# Dusseldorf-Calais-Tunnel-Holyhead



## Yaxley (Jul 25, 2008)

I will be picking up our new Hobby Optima in Dusseldorf sometime in January accompanied by my son and bringing it back to Ireland.
It is a left hand drive and so the lights will be focused for driving on the Continent. 
I want to avoid driving at night through England and intend going thro the Tunnel late evening and parking up and sleeping somewhere close to Folkestone so that we can get away at first light for Holyhead.
I would appreciate any suggestions as to where we might do this.
Ian


----------



## jiwawa (Jun 22, 2007)

That sounds very exciting Ian.

Can't help with information I'm afraid as the only place I know is a pub called something like the Black Horse and it was up very dark and narrow lanes which I wouldn't recommend with a new LHD van in the dark!

Hopefully you get some better answers


----------



## trek (May 1, 2005)

We tend to stop over night in France somewhere around a hours drive to the tunnel but then you have further to drive in the uk

If your happy with supermarket carparks there is a Sainburys just south of tunnel or a tesco up towards Ashford 

Are you in either the caravan and motorhome club or camping and caravanclub as there are some CLs around

Unfourtunately the Folkestone Camping and Caravanning Club Site doesnt open until end of March


----------



## Pudsey_Bear (Sep 25, 2008)

PMd you Ian.


----------



## HermanHymer (Dec 5, 2008)

Suggest you get a pair of Euro-Brit headlight deflectors, that way you'll be legal.. My van is LHD with LH headlights (imported in 2008 so not legally obligated to change).

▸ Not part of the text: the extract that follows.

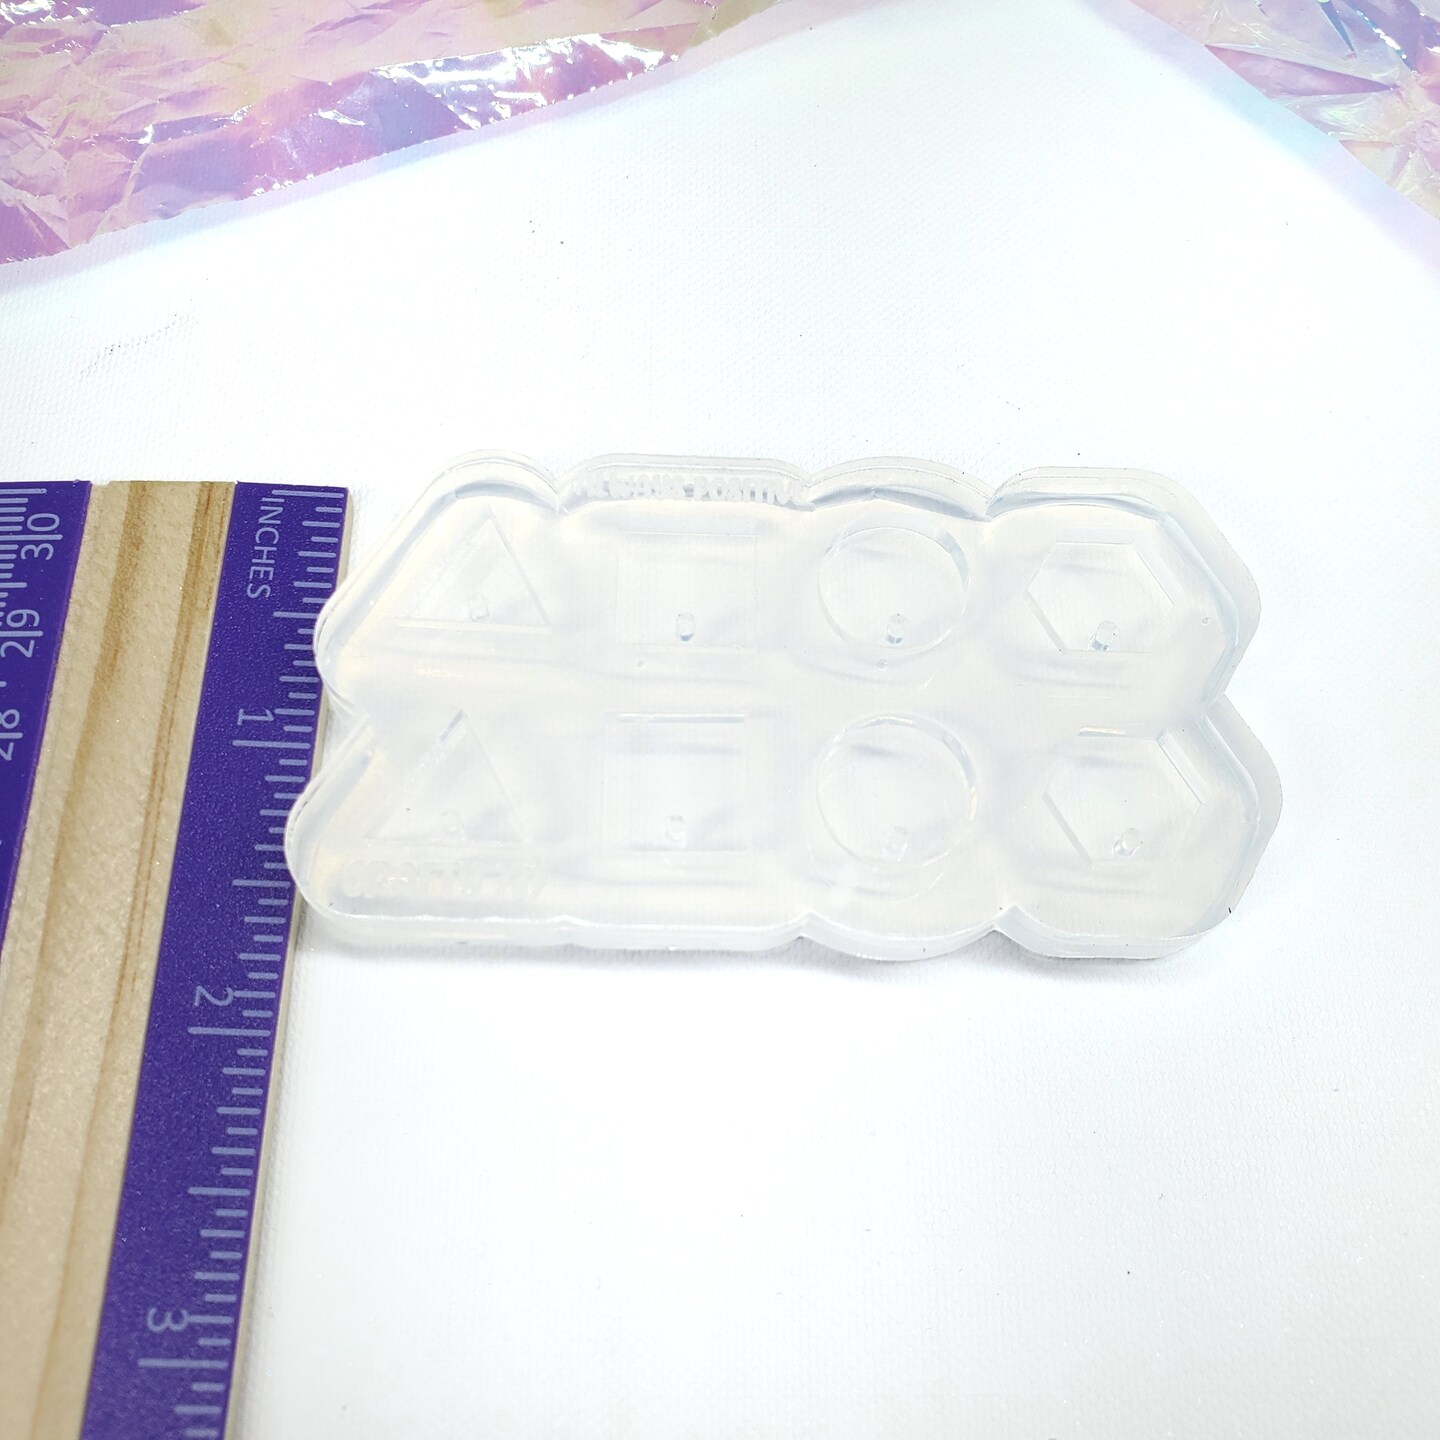 Pixiss Silicone Mold Making Kit Liquid Silicone Rubber 200g/7fl oz

The mod is acceptable to MOT until you can get it sorted. I buy them on the ferry, and keep a couple of sets in the van. No problem driving in UK with them on.


----------



## jiwawa (Jun 22, 2007)

HermanHymer said:


> Suggest you get a pair of Euro-Brit headlight deflectors, that way you'll be legal.. My van is LHD with LH headlights (imported in 2008 so not legally obligated to change). The mod is acceptable to MOT until you can get it sorted. I buy them on the ferry, and keep a couple of sets in the van. No problem driving in UK with them on.


My previous van was a 2008 importyedc LHD with LH headlights and I did as you do, masking with duct tape on headlight protectors - no bother at MOT.

My new van (2017) is also LHD. I won't have to worry about the MOT for a while but are you saying I will have to physically swap to RH lights to satisfy MOT?


----------



## Yaxley (Jul 25, 2008)

Thank you everyone for the helpful advice.
The last time, several years ago, I purchased a LHD in the south of England in December and I do remember having deflectors and couldnt see a whole lot as I was driving at night to Holyhead in sleet and snow. This is why I want to overnight near Folkestone and set out at first light. Dont have a problem with wild camping.
Thanks Kev for the PM which I have replied to.
The MOT is'nt an issue at this point. No I am not in the C & M Club.
Thanks again for the suggestions.
Ian


----------



## Yaxley (Jul 25, 2008)

Regarding the suggestion from Trek re Sainsburys in Folkestone.
The one at 5 Bouverie Road appears to have a covered multi storey carpark with a height barrier.
Maybe you are referring to a different Sainsburys.
Ian


----------



## eurajohn (May 9, 2005)

Most modern headlights have a flat topped dipped beam, so although they will be actually focused the "wrong" way less likely to dazzle oncoming traffic.

.


----------



## trek (May 1, 2005)

Yaxley said:


> Regarding the suggestion from Trek re Sainsburys in Folkestone.
> The one at 5 Bouverie Road appears to have a covered multi storey carpark with a height barrier.
> Maybe you are referring to a different Sainsburys.
> Ian


Not town centre but the one just off the M20 between eurotunnel terminal and the M20 tunnels through to Dover

https://www.google.co.uk/search?cli...ainsburys+folkestone&oq=&gs_l=#istate=lrl:mlt


----------



## Yaxley (Jul 25, 2008)

Thanks Trek......I was looking at the wrong Sainsburys.
Thanks Kev_n_Liz.....for all the options.
I am now spoilt for choice.
Ian


----------



## trek (May 1, 2005)

That Sainsbury or the surrounding industrial / retail area could be worth checking out as it is so close to the tunnel and the motorway and if you don’t fancy it then move on to next option ?


We used to stay on the way to or from the channel ports in a small country lane that goes to a station 

We used to sleep right outside what was the entrance to Folkestone horse race course ( it used to also be a caravan club site) 

Some cars pass going to /from station 

Road widens and there is a pull in at Stone St on way to Westernhanger station

We always arrived late got our heads down and left early


----------